The rotator cuff is the group of four tendons that stabilize the shoulder joint and help to lift the arms overhead. The tendons connect to the four muscles that move the shoulder. Rotator cuff damage can occur from an acute injury or as a result of repetitive strains and wear and tear to the tendons. This happens more often in people who do work or play sports that involve repetitive, overhead movements, such as tennis. Minor strain injuries can progress to a partial tear of the tendons or a complete rupture of the muscles with loss of shoulder joint function. However, a complete tear can also occur without symptoms; this often occurs in older adults who are less active.
Pain from a rotator cuff injury can develop gradually, beginning at the time of the injury or days afterward. Over time, the pain will continue to grow in intensity until moving the shoulder joint at all causes extreme discomfort.
Pain from a rotator cuff injury will be felt in the front and side of the shoulder, not surprisingly. The sensation often intensifies when the individual lifts their arms above their shoulders or up to the side and may be most noticeable during activities such as swimming or playing golf or tennis. Sometimes, the pain will spread from the shoulder to affect the upper arm and possibly the elbow as well.
People with rotator cuff disease usually find it difficult to lift the arm overhead or away from the body, thus decreasing the arm's full range of motion. If rotator cuff disease involves severe tears of the rotator cuff tendons, an individual may find it impossible to hold their arm up. Generally, he or she will be able to lift the arm slightly, but not as high as the shoulder. Simple tasks such as brushing the hair or reaching for an object on a high shelf may become difficult or impossible.
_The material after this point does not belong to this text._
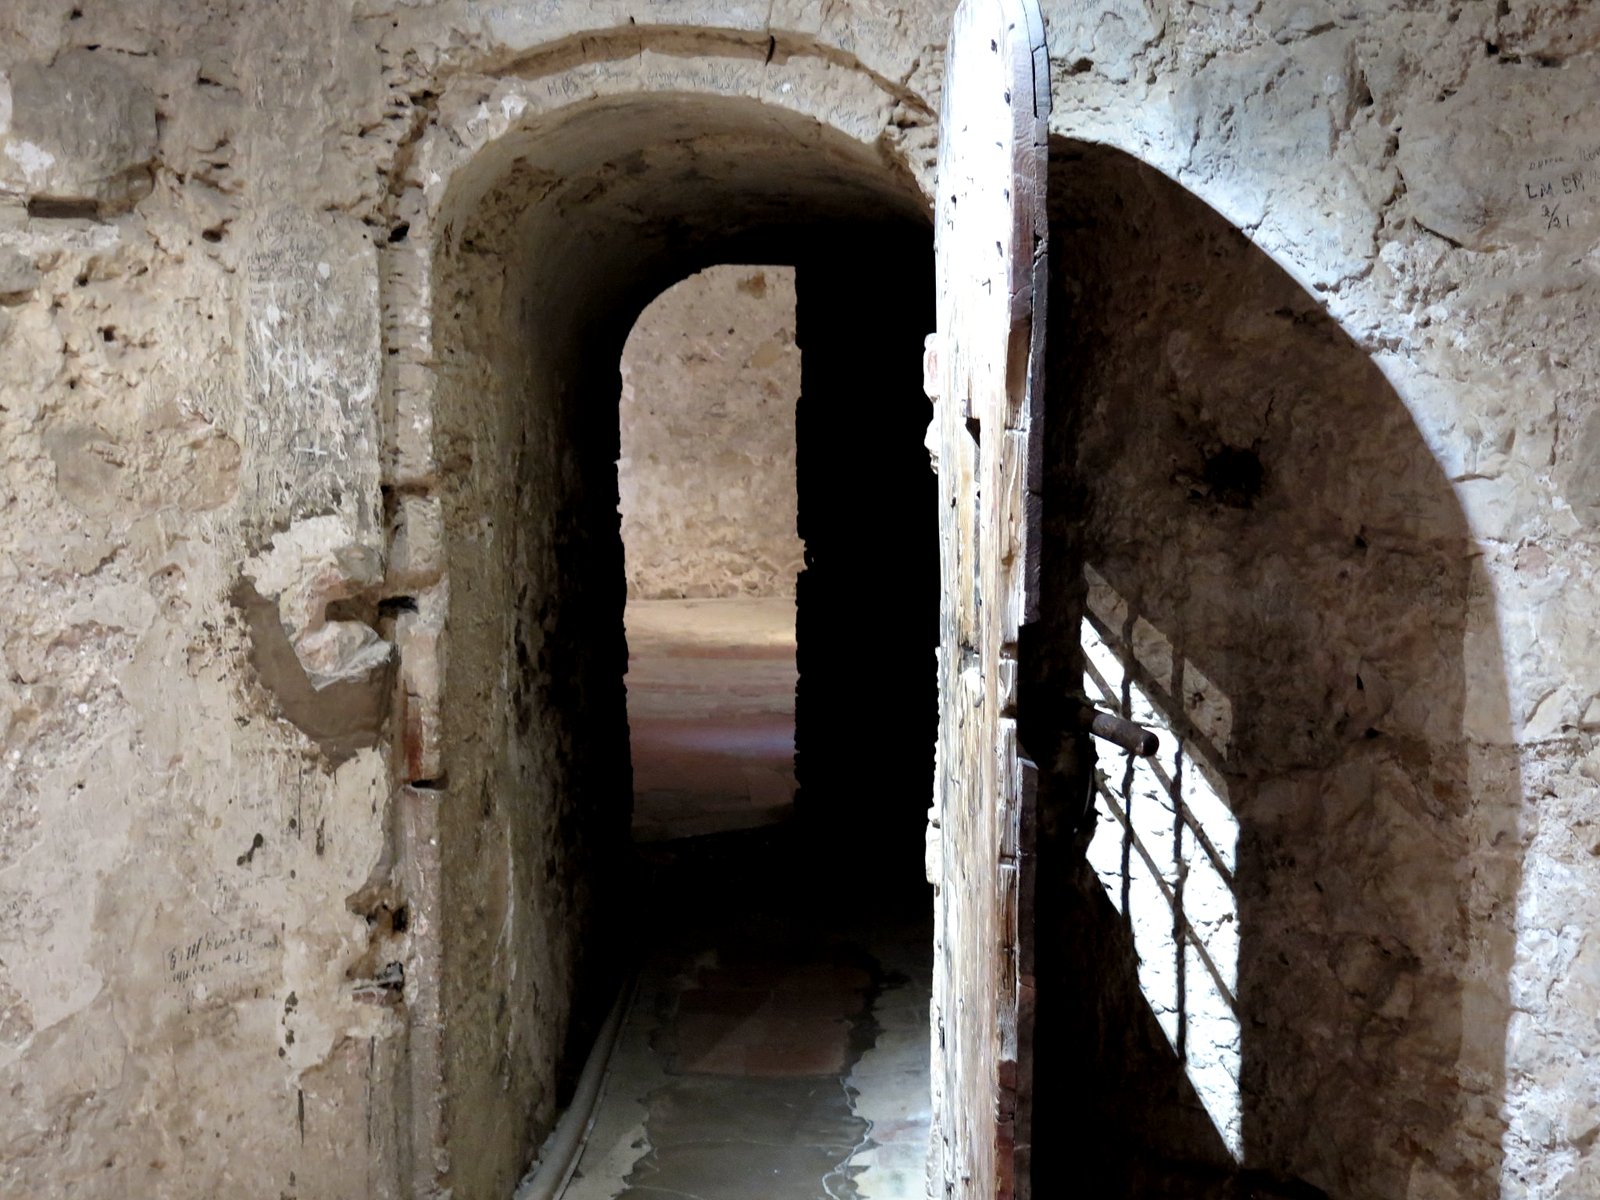 How to visit the prison cell of The Count of Monte Cristo in Marseille

Some people with rotator cuff injuries hear loud clicking, popping, or cracking sounds when lifting their affected arm. This sound, called crepitus, may become worse over time and are more pronounced when moving the arm or shoulder into certain positions.
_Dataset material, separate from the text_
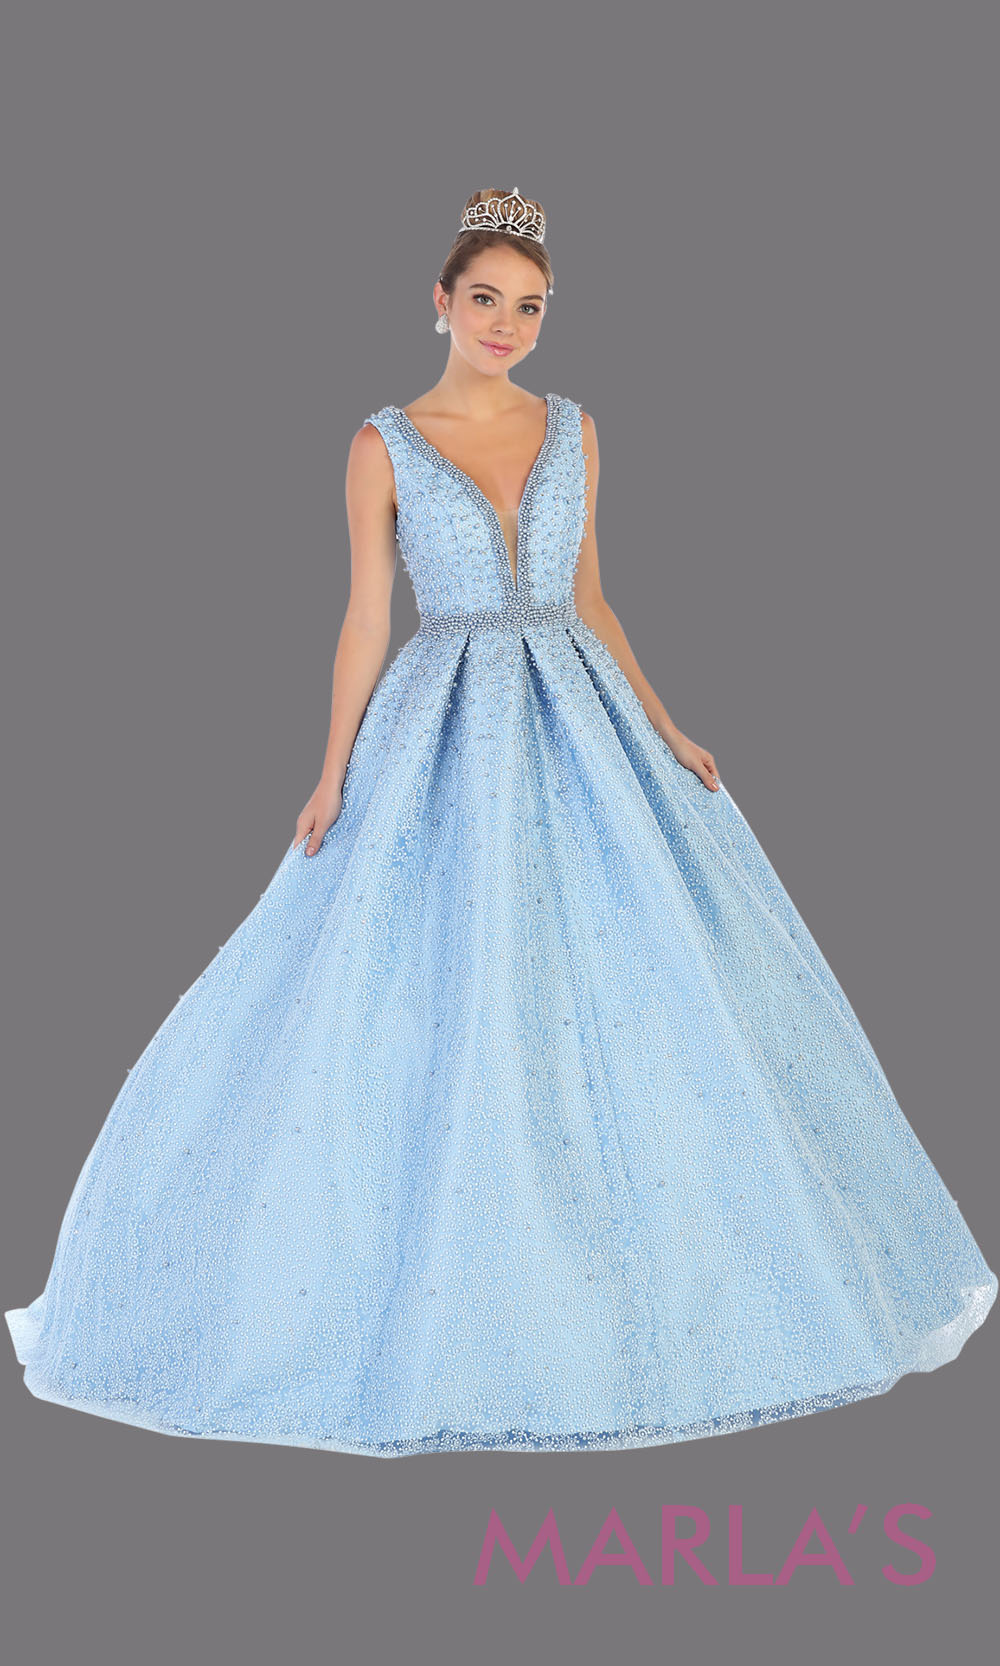 Long aqua blue princess quinceanera v neck ball gown with straps.Perfect for light blue Engagement ballgown dress, Quinceanera, Sweet 16, Sweet 15, Debut and blue Wedding bridal Reception Dress. Available in plus sizes.

The pain from rotator cuff disease often worsens in the evening and can be most severe at night when resting or lying on the affected shoulder. Later stages of the disease can cause pain so severe that individuals require painkillers to sleep.
Over time, rotator cuff disease can cause the shoulder to become stiffer due to inflammation and the continued lack of movement. Some people develop frozen shoulder, which can last for months or years even after the rotator cuff injury is addressed. Most people with frozen shoulder feel moderate to severe pain for the first two to nine months. Then, the pain diminishes somewhat. However, increasing stiffness follows this stage, and may also involve tenderness around the injured tendons. Physical therapy is important for recovering full mobility of the affected shoulder.
This symptom is uncommon but may develop in people with severe rotator cuff disease, most commonly a tear in the rotator cuff. The shoulder and connecting tissue begin to bruise and become swollen. These symptoms exacerbate the muscle weakness that can become worse over time, especially if the shoulder continues to be too painful or stiff to complete its full range of motion.
Though a rotator cuff injury can cause many symptoms, sometimes the condition is asymptomatic. In these cases, a person may not be aware they have injured their shoulder until they require medical imaging or another diagnostic procedure for minor issues or another problem entirely. Even mild shoulder pain should be examined by a physician if it does not ease or resolve within a few weeks.